WHAT TO DO:
The lines needed are those from the start of the records through the line holding "Jesus that I", each copied exactly.

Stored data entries
·····
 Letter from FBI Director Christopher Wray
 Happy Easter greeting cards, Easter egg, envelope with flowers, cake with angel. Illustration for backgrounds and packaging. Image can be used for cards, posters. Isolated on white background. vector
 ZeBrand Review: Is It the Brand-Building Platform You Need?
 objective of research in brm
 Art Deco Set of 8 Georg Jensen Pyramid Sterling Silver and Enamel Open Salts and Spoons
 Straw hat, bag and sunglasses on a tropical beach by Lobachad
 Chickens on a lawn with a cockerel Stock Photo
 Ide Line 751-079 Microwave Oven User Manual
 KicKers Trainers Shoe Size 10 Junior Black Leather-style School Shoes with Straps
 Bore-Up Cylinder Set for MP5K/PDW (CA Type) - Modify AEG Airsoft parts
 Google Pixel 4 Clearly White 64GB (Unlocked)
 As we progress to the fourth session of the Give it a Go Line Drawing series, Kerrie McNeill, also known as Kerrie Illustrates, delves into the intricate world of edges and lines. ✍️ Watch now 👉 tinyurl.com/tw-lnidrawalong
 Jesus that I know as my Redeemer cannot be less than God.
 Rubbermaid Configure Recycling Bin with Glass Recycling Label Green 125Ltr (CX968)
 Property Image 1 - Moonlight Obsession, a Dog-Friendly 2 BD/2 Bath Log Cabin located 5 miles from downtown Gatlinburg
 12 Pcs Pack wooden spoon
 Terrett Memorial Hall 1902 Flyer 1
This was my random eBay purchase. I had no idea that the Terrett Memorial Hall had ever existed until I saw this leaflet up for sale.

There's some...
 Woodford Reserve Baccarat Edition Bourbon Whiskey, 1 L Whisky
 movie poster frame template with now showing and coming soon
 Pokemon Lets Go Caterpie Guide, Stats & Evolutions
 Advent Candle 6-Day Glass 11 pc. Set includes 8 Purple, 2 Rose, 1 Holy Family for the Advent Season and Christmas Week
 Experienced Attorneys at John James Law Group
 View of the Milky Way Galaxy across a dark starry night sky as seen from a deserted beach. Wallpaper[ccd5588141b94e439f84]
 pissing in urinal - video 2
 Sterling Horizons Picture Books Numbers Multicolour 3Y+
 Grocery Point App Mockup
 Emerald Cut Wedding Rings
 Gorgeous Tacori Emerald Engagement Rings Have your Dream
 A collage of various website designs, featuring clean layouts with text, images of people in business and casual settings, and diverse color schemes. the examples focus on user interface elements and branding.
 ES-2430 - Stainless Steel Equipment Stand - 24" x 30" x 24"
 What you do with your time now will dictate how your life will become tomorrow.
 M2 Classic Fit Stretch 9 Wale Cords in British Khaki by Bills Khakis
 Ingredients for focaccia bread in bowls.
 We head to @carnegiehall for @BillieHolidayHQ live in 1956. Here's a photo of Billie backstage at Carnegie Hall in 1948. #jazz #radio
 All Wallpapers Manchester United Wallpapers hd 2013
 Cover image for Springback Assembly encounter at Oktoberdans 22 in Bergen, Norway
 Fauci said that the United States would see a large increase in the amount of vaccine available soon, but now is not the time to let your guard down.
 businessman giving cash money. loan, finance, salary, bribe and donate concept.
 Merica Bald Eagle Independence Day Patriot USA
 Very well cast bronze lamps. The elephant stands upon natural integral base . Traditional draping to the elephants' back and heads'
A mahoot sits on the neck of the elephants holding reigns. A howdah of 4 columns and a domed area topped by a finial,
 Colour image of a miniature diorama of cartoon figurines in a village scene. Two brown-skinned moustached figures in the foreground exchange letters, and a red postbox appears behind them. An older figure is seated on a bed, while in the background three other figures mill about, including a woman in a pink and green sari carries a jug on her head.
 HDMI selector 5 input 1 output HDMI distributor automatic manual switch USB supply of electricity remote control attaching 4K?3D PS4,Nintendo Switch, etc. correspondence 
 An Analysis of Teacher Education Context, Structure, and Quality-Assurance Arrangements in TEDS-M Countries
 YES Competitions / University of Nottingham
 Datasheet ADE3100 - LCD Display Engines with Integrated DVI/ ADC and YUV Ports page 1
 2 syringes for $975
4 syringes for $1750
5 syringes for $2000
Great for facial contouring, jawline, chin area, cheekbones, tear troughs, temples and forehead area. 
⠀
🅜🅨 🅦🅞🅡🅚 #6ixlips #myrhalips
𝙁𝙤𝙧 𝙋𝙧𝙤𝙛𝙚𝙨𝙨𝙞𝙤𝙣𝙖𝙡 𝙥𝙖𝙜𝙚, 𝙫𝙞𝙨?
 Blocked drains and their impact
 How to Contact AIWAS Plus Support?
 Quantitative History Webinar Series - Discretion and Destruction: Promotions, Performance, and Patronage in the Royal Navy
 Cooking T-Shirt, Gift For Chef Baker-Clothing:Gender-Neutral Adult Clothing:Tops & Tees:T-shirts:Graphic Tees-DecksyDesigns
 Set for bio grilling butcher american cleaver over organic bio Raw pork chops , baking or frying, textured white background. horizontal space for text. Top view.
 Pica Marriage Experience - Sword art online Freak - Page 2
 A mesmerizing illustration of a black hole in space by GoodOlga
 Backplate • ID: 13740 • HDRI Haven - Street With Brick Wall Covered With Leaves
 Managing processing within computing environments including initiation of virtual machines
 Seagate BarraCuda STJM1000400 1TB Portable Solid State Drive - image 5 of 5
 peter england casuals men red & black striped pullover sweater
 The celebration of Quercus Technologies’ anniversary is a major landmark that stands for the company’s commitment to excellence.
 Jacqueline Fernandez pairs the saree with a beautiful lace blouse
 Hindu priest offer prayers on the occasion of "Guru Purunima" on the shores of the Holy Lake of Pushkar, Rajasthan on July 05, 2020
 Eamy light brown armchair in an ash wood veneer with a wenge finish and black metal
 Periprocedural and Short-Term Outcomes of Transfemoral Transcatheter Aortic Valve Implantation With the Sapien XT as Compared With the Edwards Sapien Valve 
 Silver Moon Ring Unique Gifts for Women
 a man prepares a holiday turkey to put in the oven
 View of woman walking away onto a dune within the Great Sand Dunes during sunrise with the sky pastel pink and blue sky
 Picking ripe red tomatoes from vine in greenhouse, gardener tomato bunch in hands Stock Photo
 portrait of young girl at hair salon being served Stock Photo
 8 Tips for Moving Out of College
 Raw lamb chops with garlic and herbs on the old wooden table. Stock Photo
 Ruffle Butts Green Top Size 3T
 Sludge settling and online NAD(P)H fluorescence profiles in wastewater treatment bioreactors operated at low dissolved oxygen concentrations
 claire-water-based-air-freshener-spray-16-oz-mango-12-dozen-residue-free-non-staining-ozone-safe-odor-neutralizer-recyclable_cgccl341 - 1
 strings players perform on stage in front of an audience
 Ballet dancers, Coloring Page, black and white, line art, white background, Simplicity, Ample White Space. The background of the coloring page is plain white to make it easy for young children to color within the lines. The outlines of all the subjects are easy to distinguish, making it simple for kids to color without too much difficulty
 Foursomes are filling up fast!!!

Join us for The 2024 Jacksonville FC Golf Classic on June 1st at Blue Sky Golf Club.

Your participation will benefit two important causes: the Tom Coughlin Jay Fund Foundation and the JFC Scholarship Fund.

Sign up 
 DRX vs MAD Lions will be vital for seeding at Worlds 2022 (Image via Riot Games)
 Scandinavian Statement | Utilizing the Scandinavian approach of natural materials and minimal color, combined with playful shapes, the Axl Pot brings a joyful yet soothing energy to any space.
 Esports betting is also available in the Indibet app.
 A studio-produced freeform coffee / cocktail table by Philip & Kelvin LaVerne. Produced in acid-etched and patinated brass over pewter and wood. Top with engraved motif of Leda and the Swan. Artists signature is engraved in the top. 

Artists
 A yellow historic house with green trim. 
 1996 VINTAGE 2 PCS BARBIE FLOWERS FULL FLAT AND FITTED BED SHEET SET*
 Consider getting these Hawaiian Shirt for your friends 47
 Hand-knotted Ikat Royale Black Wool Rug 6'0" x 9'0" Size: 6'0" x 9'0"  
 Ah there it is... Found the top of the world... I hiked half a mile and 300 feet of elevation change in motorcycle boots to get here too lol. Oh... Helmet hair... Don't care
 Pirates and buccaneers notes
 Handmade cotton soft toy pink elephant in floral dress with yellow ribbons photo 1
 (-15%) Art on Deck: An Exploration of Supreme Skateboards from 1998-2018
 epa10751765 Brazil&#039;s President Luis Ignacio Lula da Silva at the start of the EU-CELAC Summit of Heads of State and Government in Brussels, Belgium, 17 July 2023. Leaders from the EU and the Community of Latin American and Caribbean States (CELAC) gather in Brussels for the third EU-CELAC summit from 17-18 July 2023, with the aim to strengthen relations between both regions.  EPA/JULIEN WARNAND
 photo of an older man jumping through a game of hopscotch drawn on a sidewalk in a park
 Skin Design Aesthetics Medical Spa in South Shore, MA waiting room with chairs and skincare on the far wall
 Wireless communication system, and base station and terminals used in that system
·····
SOLUTION FOR THIS EXERCISE:
 Letter from FBI Director Christopher Wray
 Happy Easter greeting cards, Easter egg, envelope with flowers, cake with angel. Illustration for backgrounds and packaging. Image can be used for cards, posters. Isolated on white background. vector
 ZeBrand Review: Is It the Brand-Building Platform You Need?
 objective of research in brm
 Art Deco Set of 8 Georg Jensen Pyramid Sterling Silver and Enamel Open Salts and Spoons
 Straw hat, bag and sunglasses on a tropical beach by Lobachad
 Chickens on a lawn with a cockerel Stock Photo
 Ide Line 751-079 Microwave Oven User Manual
 KicKers Trainers Shoe Size 10 Junior Black Leather-style School Shoes with Straps
 Bore-Up Cylinder Set for MP5K/PDW (CA Type) - Modify AEG Airsoft parts
 Google Pixel 4 Clearly White 64GB (Unlocked)
 As we progress to the fourth session of the Give it a Go Line Drawing series, Kerrie McNeill, also known as Kerrie Illustrates, delves into the intricate world of edges and lines. ✍️ Watch now 👉 tinyurl.com/tw-lnidrawalong
 Jesus that I know as my Redeemer cannot be less than God.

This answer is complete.